Show all lines from the listing below that contain "Great".

===== Data extract =====

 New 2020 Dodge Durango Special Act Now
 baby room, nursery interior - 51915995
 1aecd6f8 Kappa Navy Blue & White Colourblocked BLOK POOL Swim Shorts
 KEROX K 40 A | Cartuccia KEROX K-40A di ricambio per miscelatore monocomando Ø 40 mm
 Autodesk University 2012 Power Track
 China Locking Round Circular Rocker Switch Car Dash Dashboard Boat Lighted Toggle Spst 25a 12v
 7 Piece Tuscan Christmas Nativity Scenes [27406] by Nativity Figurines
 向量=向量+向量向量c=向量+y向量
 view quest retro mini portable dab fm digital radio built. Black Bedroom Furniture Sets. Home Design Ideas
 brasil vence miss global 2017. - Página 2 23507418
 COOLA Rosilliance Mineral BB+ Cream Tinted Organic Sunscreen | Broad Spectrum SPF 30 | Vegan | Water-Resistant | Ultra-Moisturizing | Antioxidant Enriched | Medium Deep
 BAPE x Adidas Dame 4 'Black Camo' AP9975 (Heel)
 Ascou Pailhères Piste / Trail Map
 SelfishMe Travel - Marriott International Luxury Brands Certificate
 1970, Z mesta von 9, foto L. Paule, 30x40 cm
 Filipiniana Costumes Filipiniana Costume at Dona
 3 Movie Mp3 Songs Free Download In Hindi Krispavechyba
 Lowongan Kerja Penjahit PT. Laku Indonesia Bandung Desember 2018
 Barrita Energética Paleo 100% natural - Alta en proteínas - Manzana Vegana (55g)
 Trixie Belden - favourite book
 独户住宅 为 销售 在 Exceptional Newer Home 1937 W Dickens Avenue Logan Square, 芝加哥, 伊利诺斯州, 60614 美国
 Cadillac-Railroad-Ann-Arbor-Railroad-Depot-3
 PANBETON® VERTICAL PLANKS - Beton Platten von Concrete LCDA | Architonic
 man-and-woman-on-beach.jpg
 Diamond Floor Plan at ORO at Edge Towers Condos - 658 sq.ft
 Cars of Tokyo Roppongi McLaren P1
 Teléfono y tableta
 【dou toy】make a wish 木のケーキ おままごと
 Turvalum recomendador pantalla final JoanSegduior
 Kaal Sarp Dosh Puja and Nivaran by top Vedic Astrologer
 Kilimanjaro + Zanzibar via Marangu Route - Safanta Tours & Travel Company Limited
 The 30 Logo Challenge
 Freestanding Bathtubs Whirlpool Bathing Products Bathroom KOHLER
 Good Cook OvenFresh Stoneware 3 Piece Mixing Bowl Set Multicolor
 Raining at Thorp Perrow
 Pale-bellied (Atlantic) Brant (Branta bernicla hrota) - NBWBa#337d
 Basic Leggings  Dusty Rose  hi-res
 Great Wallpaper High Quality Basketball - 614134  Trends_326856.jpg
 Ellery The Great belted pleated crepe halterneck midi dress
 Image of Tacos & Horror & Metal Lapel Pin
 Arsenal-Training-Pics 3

=====

• [Reply to the task]
 Great Wallpaper High Quality Basketball - 614134  Trends_326856.jpg
 Ellery The Great belted pleated crepe halterneck midi dress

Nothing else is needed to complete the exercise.